Qualcomm's revenue is lower than Intel's.
In the 2023 fiscal year, the company's sales were $35.8 billion, while Intel's sales were $54.2 billion in the same period.
Nvidia CEO Huang Renxun and AMD Chairman and CEO Su Zhifeng said this year that they will break the "two-year iteration" convention and maintain a "yearly update" chip iteration speed.
To some extent, Nvidia and AMD only need to focus on the chip product itself, and do not need to conquer the process technology in the wafer foundry, which can maintain a faster new product speed.
In addition, unlike Intel, Qualcomm does not produce chips on its own, but relies on companies such as Taiwan Semiconductor Manufacturing Company and Samsung to handle chip production.
Dai Hui believes that although Intel's position in the global data center is very strong, as the originator of IDM, inertia is too large, and high-end chips are better not to take the IDM route.
Dai Hui believes that Intel's burden in the foundry business is too heavy and continues to lose money.
For the foundry business losing $2.8 billion in the second quarter, Intel CFO David Zinsner once summarized the reasons: on the one hand, more than 85% of the wafers still use the nodes before the introduction of EUV lithography machines, resulting in a lack of competitive cost structure; on the other hand, Intel is accelerating the push for Intel 4 and Intel 3 process wafers from the Oregon factory to the Ireland factory production, which will lead to higher wafer manufacturing costs in the short term, and the expansion of the Ireland factory will also affect the profitability of the foundry business.

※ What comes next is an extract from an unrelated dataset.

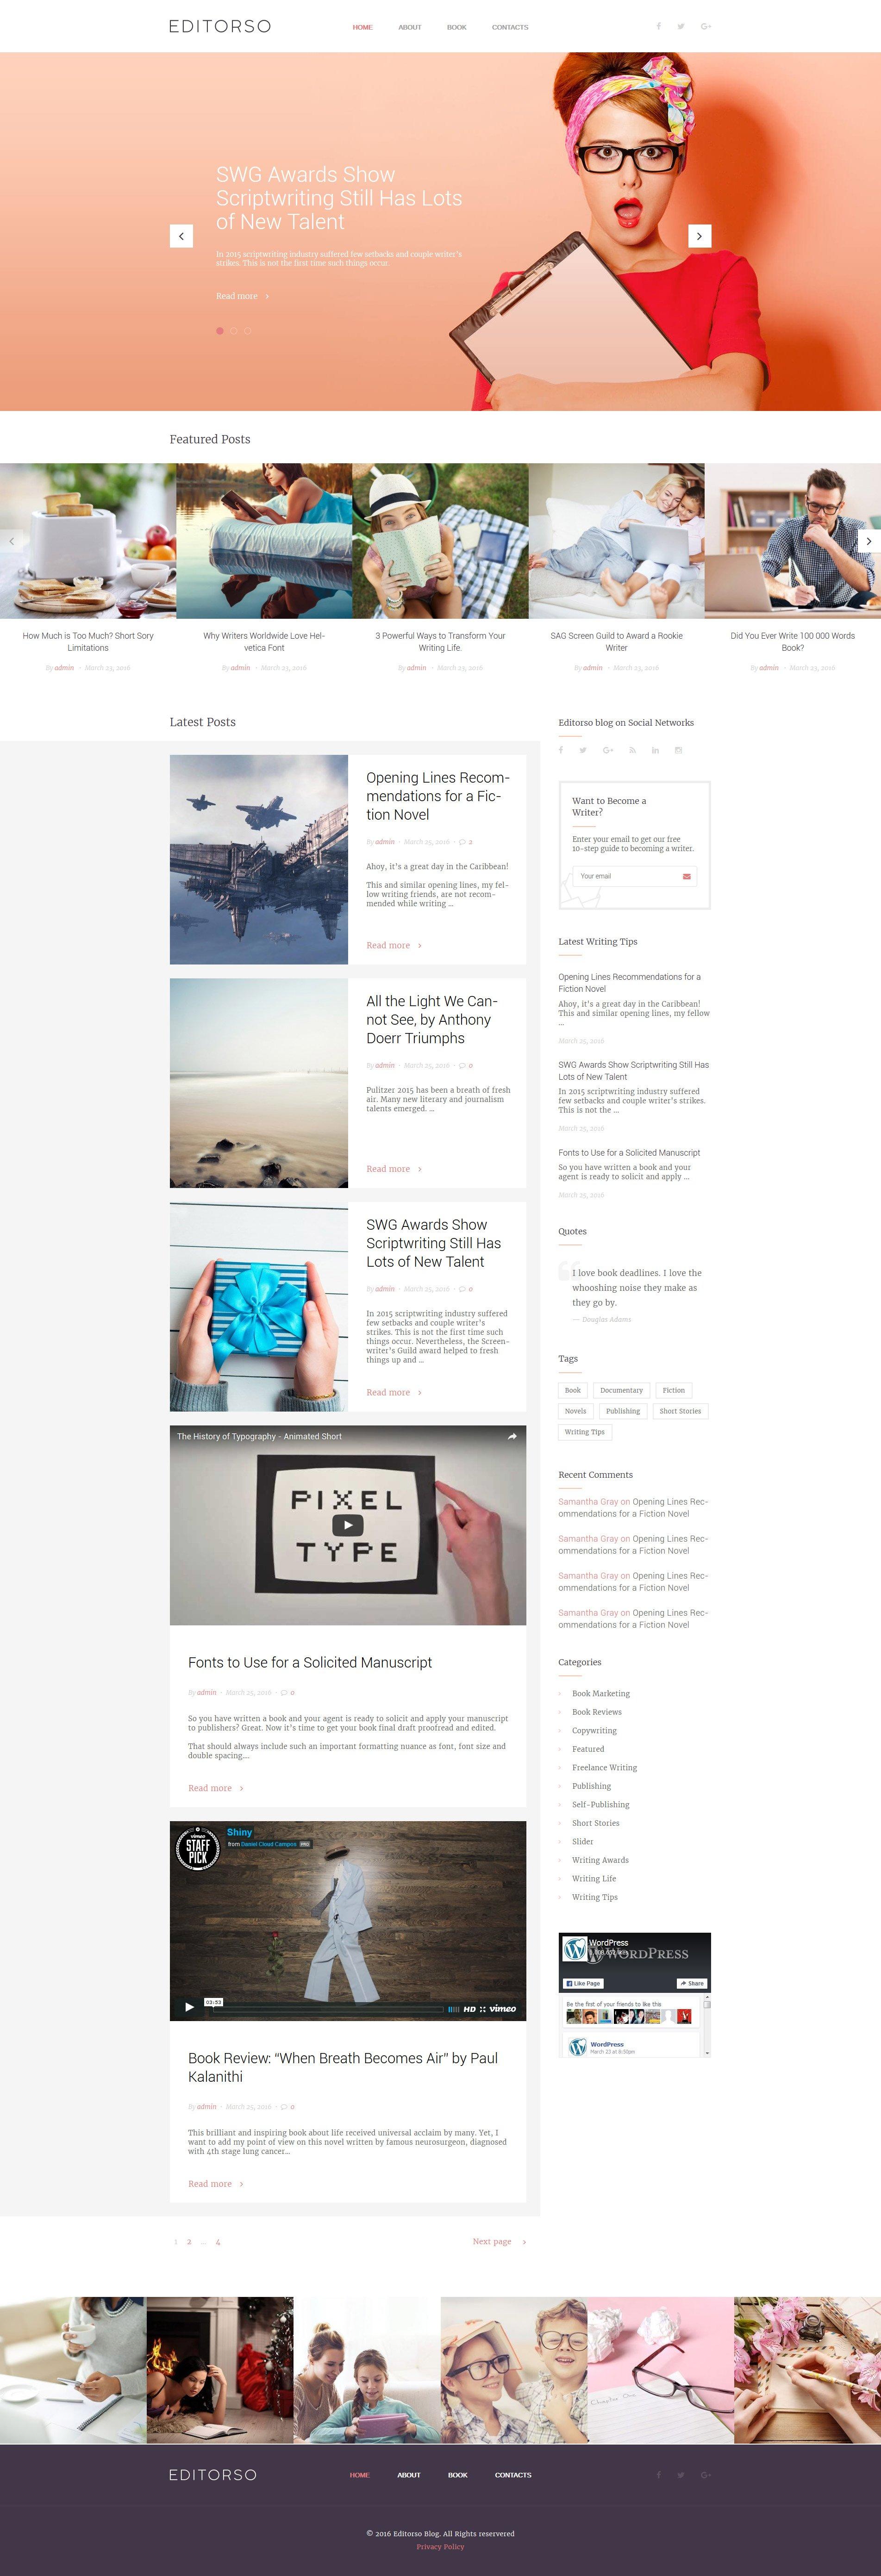 Editorso - Journalist Blog №58513

In addition to losses, Intel is also facing pressure from emerging companies to develop their own chips.
There are reports that OpenAI is working with several chip design companies to develop new chips, hoping to build a new giant with a value exceeding AMD, Nvidia, and Intel.
However, Pat still believes that Intel's capabilities in design and manufacturing are still the competitive advantage and source of strength of this company.
"Now, we have completed the transition to extreme ultraviolet (EUV) lithography technology, it's time to shift from the phase of accelerated investment to a more normal rhythm of node development, and a more flexible and efficient capital plan."
Pat said.
However, the opportunities in the chip market are fleeting, and there is not much trial and error time left for Intel.
However, the acquisition is still far from completion.
Industry insiders say that potential acquisition deals will become complicated due to antitrust and national security issues.
Both Intel and Qualcomm's deals have been rejected by antitrust enforcement agencies, Intel failed to successfully acquire Tower Semiconductor, and Qualcomm also failed to acquire NXP.